I am interested in understanding as much as I can about the following partial differential equation, which is a generalization of the 1D wave equation:
$$\frac{\partial^2 u(x,t)}{\partial t^2} + \zeta(t)\frac{\partial u(x,t)}{\partial t}= \alpha(t)\frac{\partial^2 u(x,t)}{\partial x^2} + \beta(t)\frac{\partial u(x,t)}{\partial x} + \gamma(t)u(x,t) + \alpha(t)f(x),\quad x\in(-\infty,\infty),\quad t\geq 0$$
where $\zeta(t)\geq 0$, $\beta(t)\geq 0$, and $\alpha(t)\geq 0$. This equation has initial data $u(x,0)$ and velocity $\partial_t u(x,0)$. Here are a few examples:
When $\zeta(t) = \beta(t) = \gamma(t) = f(t) = 0$, it is the standard 1D wave equation. Thus, the influence of the initial data travels at a speed $\alpha(t)$.

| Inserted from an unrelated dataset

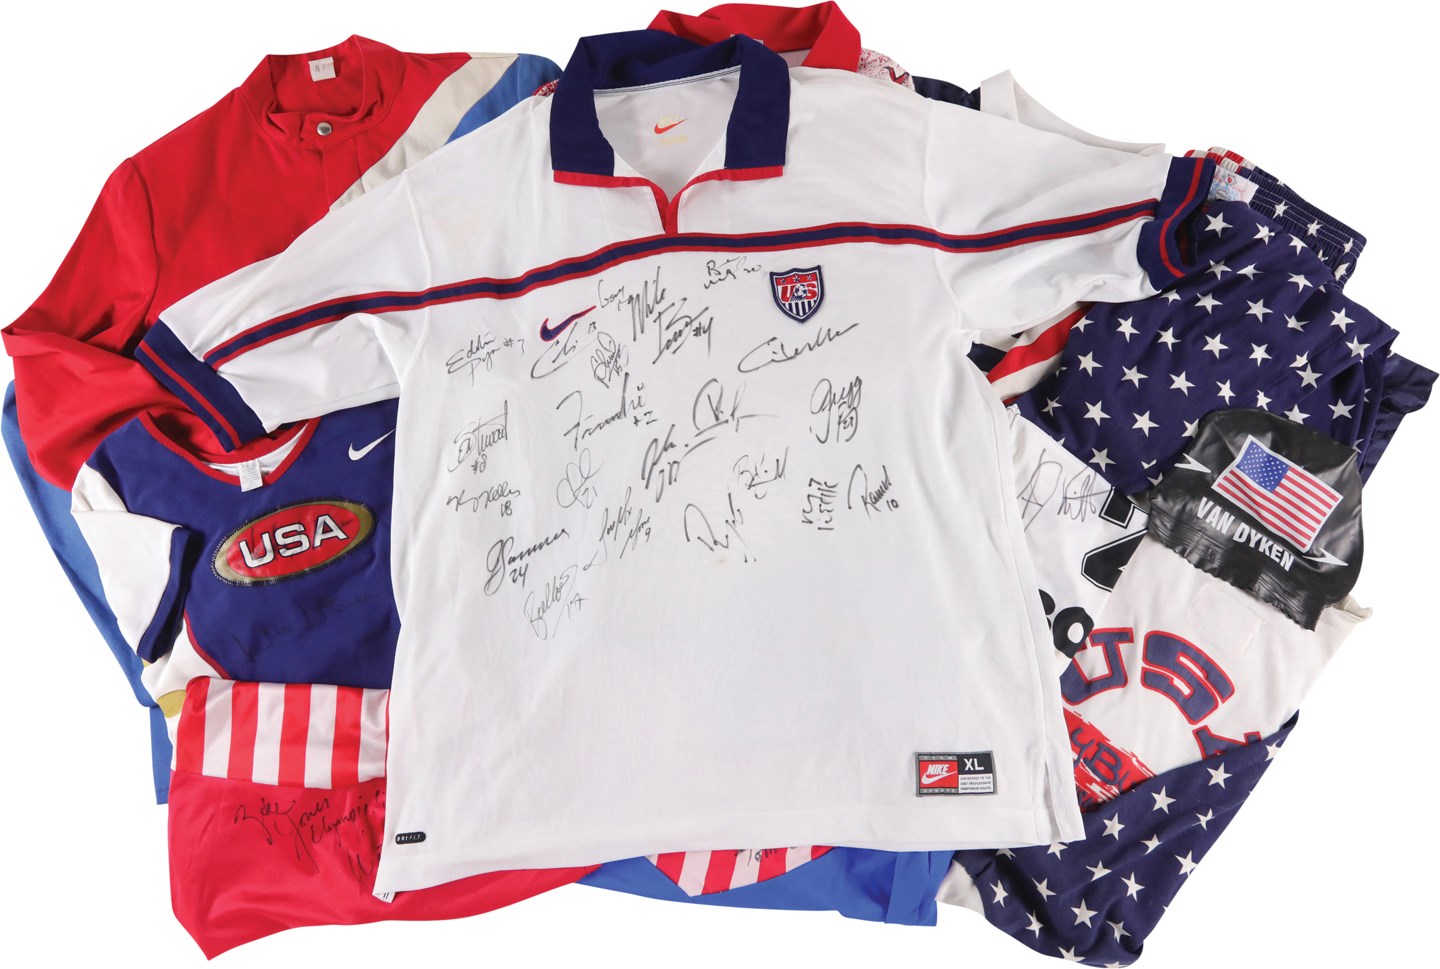 USA Sports Worn and Signed Equipment Collection (14)

When $\zeta(t) = \gamma(t) = f(t) = 0$, it is the 1D Klein-Gordon equation. Thus, the influence of the initial data travels at a speed $\leq\alpha(t)$. Should I be thinking about dispersion relations in this case?
When $\beta(t) = \gamma(t) = f(t) = 0$, it is the 1D wave equation with dampening. Should I be thinking about lack of energy conservation in this case?
When $\zeta(t) = \beta(t) = \gamma(t) = 0$ and $f(x) = \delta_0(x)$ ($\delta_0 =$ delta function at origin), it is the 1D wave equation with plucking at $x = 0$?
I would like to understand properties of the solution for any choice of $\alpha, \beta,\gamma,\zeta,f$. What tools are there to help me? When is there a conservation of energy statement? Thank you very much in advance.
When $\beta(t)=k\alpha(t)$ , where $k$ is a constant, the PDE is separable:
Let $u(x,t)=X(x)T(t)$ ,
Then $X(x)T''(t)+\zeta(t)X(x)T'(t)=\alpha(t)X''(x)T(t)+k\alpha(t)X'(x)T(t)+\gamma(t)X(x)T(t)$
$X(x)T''(t)+\zeta(t)X(x)T'(t)-\gamma(t)X(x)T(t)=\alpha(t)X''(x)T(t)+k\alpha(t)X'(x)T(t)$
$X(x)(T''(t)+\zeta(t)T'(t)-\gamma(t)T(t))=\alpha(t)T(t)(X''(x)+kX'(x))$
$\dfrac{T''(t)+\zeta(t)T'(t)-\gamma(t)T(t)}{\alpha(t)T(t)}=\dfrac{X''(x)+kX'(x)}{X(x)}$